Me lo contaron mis viejos: La Diosa del Carbón

Juan estaba petrificado mirando la vagoneta que traía las víctimas del grisú. La ardua tarea de despejar la galería había concluido al día siguiente de la explosión. Entre esa masa de cuerpos deformes, ya sin vida, se encontraba su padre. La memoria del muchacho lo retrocedió al día anterior cuando en el pilón su madre trataba de retirar lo negro de la cara y del dorso de su padre. Su piel nunca recuperó su color natural. El carbón se había apoderado de ella y se había introducido en su cuerpo. Recordaba las palabras de su abuelo cuando decía que a un minero, aparte de circular carbón por sus venas, lo respiraba y lo incorporaba a su alma. Mientras sus ojos continuaban ajenos a las maniobras del personal seguía pensando ahora en su madre, esa mujer morena, de ojos negros, pelo largo, menuda, que de sus antepasados araucanos había heredado la entereza y la energía de un tractor. Lo había criado a él y a sus cuatro hermanos menores, guiando siempre el hogar. Preparaba cazuelas y sobre todo ese pan minero, ¡tan rico!, hecho en hornos colectivos con las vecinas del pabellón treinta y dos. El cine, la plaza, las fiestas del barrio, las ramadas; todo compartido con su madre, hermanos y vecinos. Su padre era una figura ausente en sus recuerdos, porque siempre se interponía el pique con su horario esclavizante.
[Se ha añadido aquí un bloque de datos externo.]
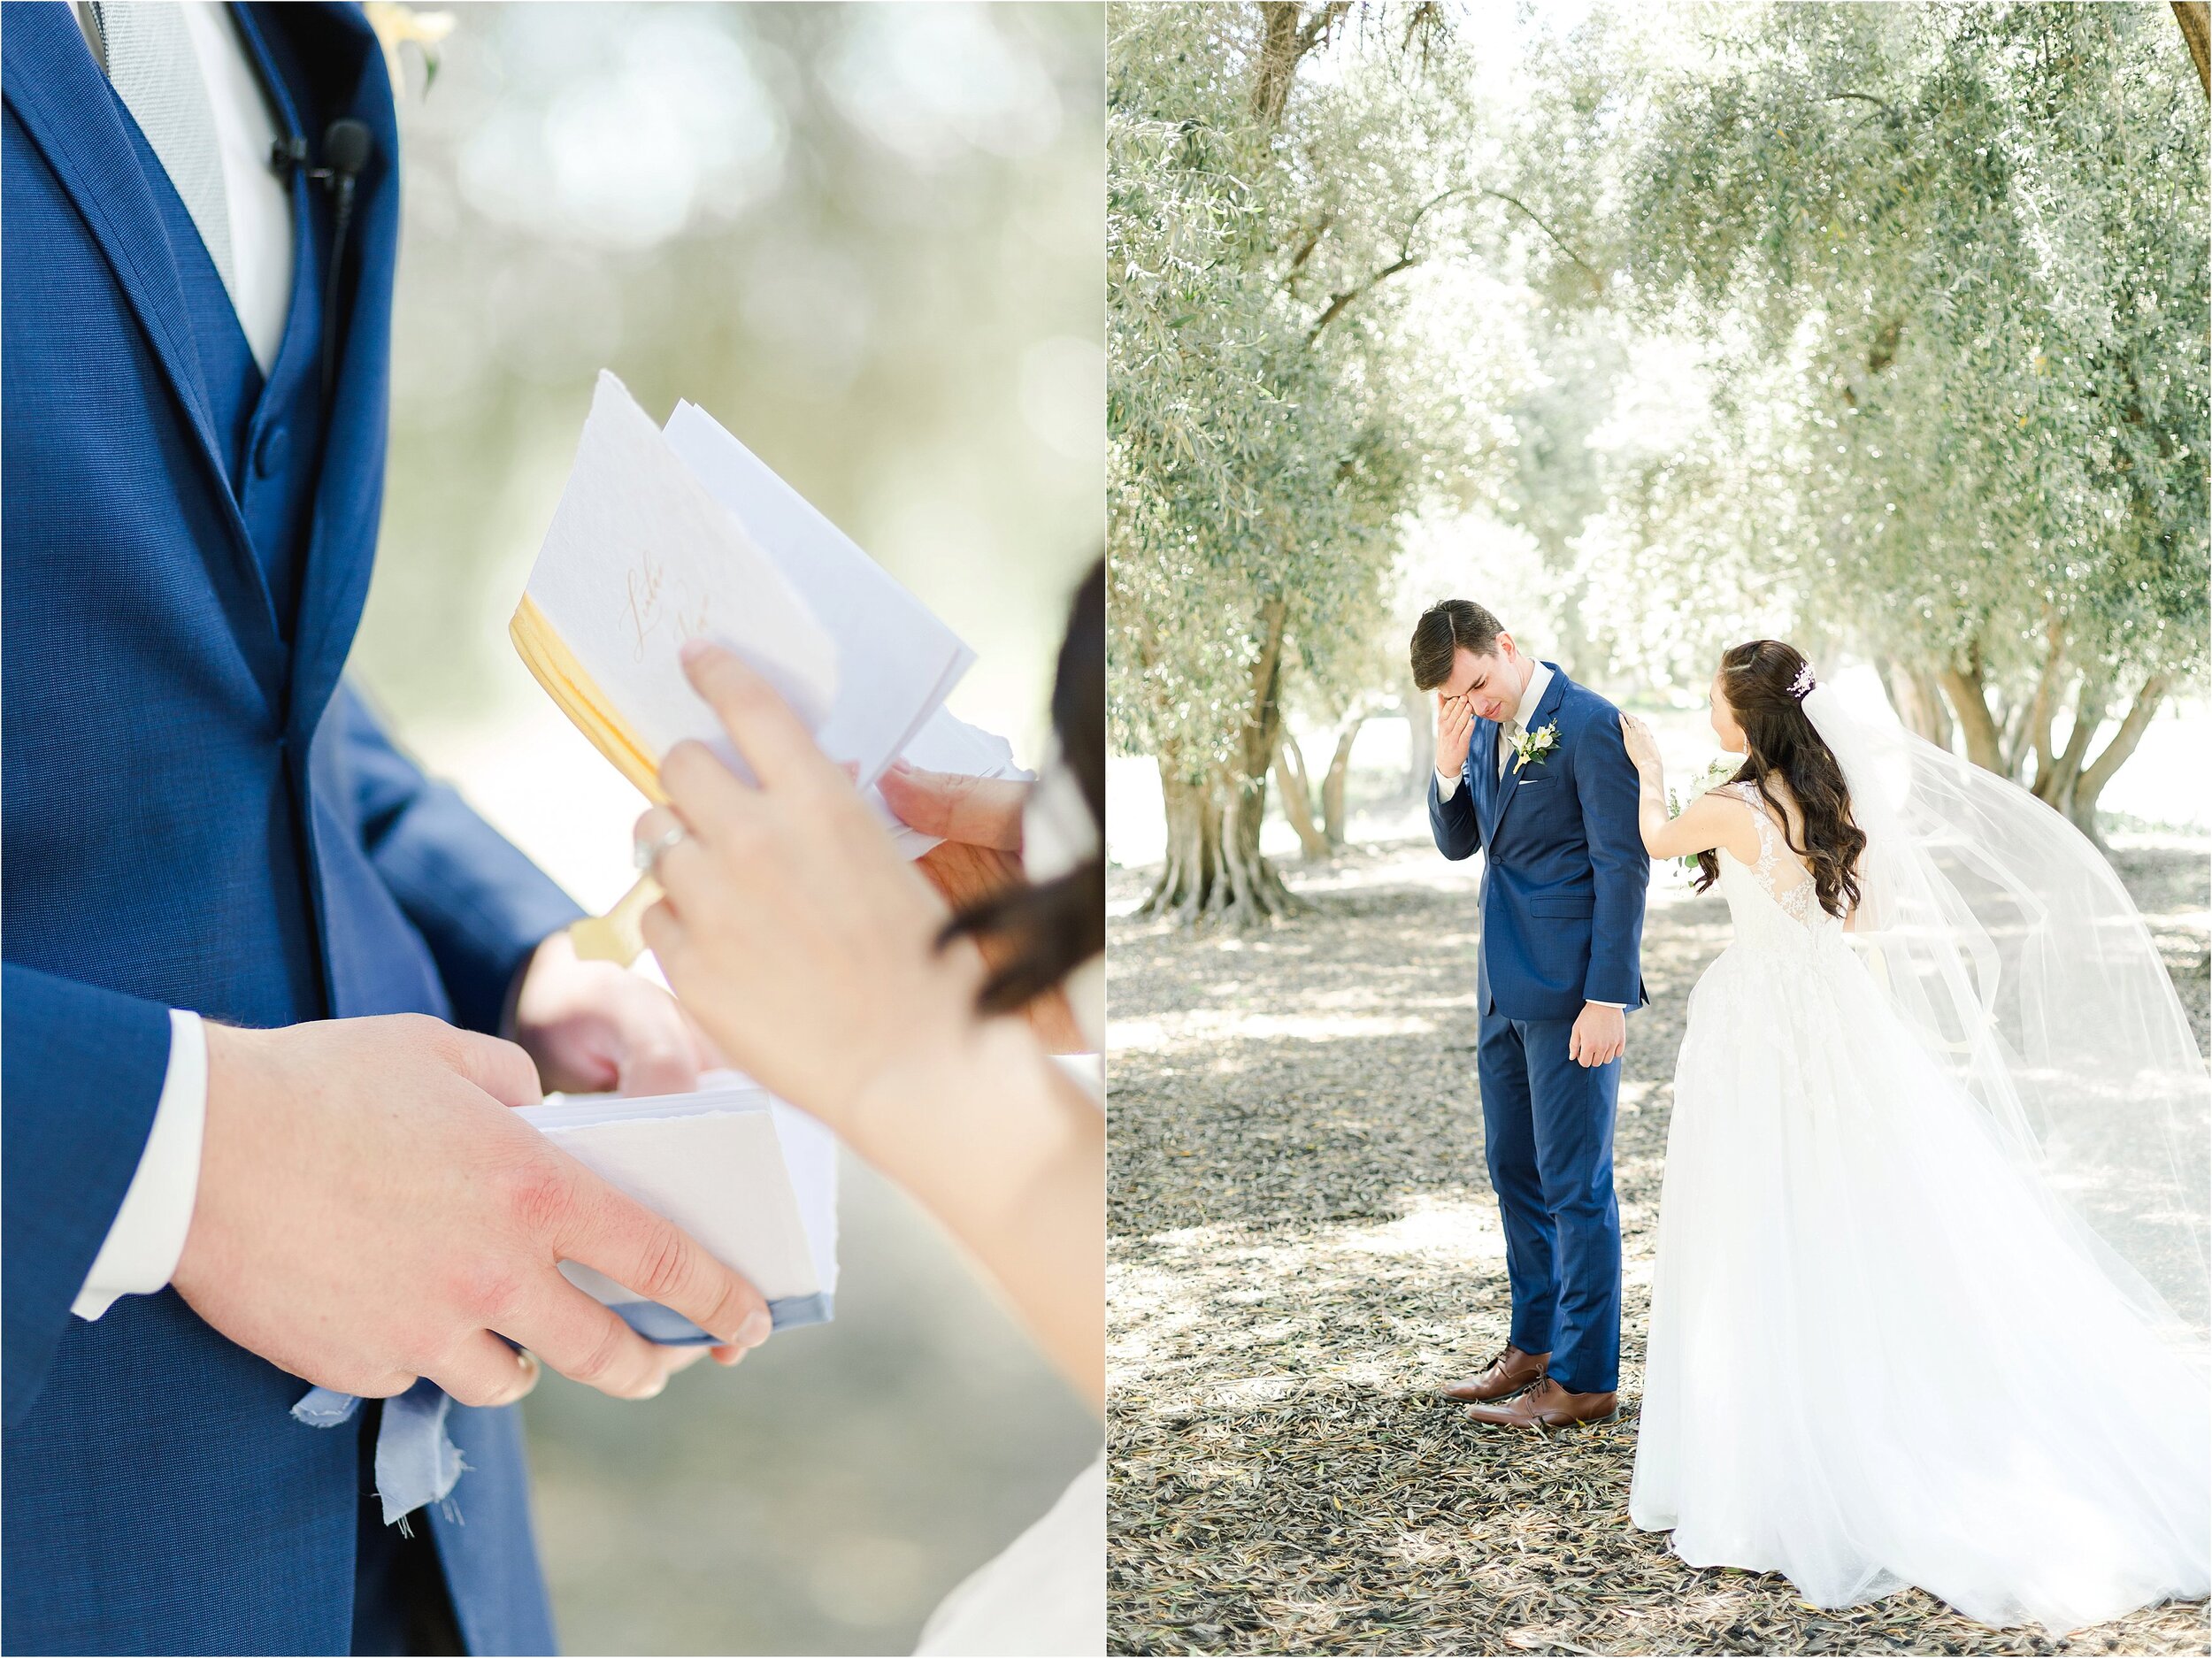 Hand Written Wedding Vows

Cuando la voz ronca del capataz nombró a Juan Carrasco, su padre, entre los mineros inmolados, ninguna lágrima se escapó y su cara permaneció inexpresiva. Se iniciaría una etapa nueva en su vida.

La Compañía Carbonífera se hizo cargo de los funerales y de un estipendio a la viuda por seis meses.
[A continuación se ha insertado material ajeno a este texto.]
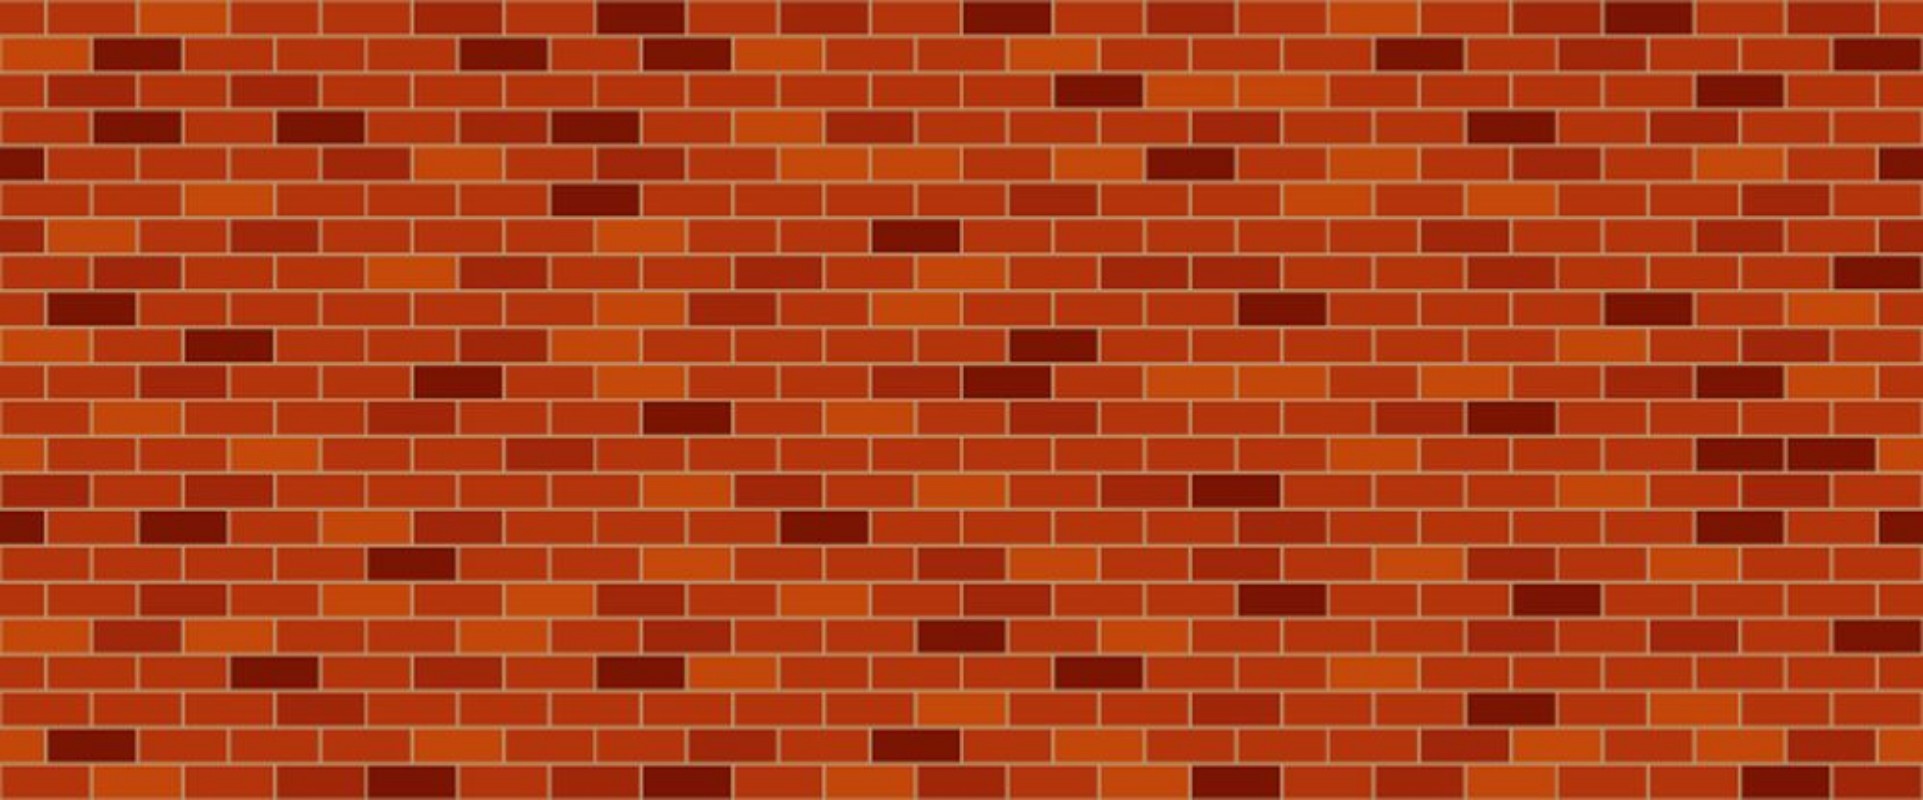 Image de Red brick wall

Las faenas de extracción de carbón tenían como ingredientes principales la pobreza, la ilegalidad, la tragedia y el desamparo. Todo en un marco de conflictos sociales emanados de bajos salarios y condiciones inseguras en los piques. Las viudas causadas por el grisú, la fibrosis pulmonar y los accidentes laborales aumentaban según pasaba el tiempo. Por fortuna, entre la población de los pabellones existía la solidaridad de los pobres. Cuando a una viuda le faltaba algo para comer, las vecinas le proporcionaban alimentos.

A Juan le faltaba un mes para cumplir los 15 años, se había convertido en el puntal de la familia. Con la ayuda de su padrino logró ingresar a los piques, primero como ayudante de ‘apuntalador’, cortando maderos para los revestimientos y luego como cargador de vagones. Su cuerpo empezó a cambiar; su piel ya no era blanca, el carbón lo estaba transformando en un hombre moreno. Su madre lo lavaba con jabón gringo en el pilón, como lo había hecho con su padre. Nunca recuperó su color original.

Juan había hecho amistad en el pique con Evaristo, un muchacho de unos diecisiete años que aparentaba treinta. Con él mantenían largas conversaciones. Su amigo era un conocedor de un sinnúmero de mitos. Nunca supo Juan si las historias las extraía de algún texto, de algún viejo minero o eran producto de su fabulosa imaginación, el caso era que él las escuchaba embobado y las creía a pie juntos. Un día le preguntó: “cuéntame ¿por qué a una mina no entran mujeres?”

Le contestó Evaristo: “Por que la mina es una mujer y además ‘muy celosa’, no permite que ninguna fémina le arrebate a sus hombres, que ha hechizado y mantiene atrapados en su seno.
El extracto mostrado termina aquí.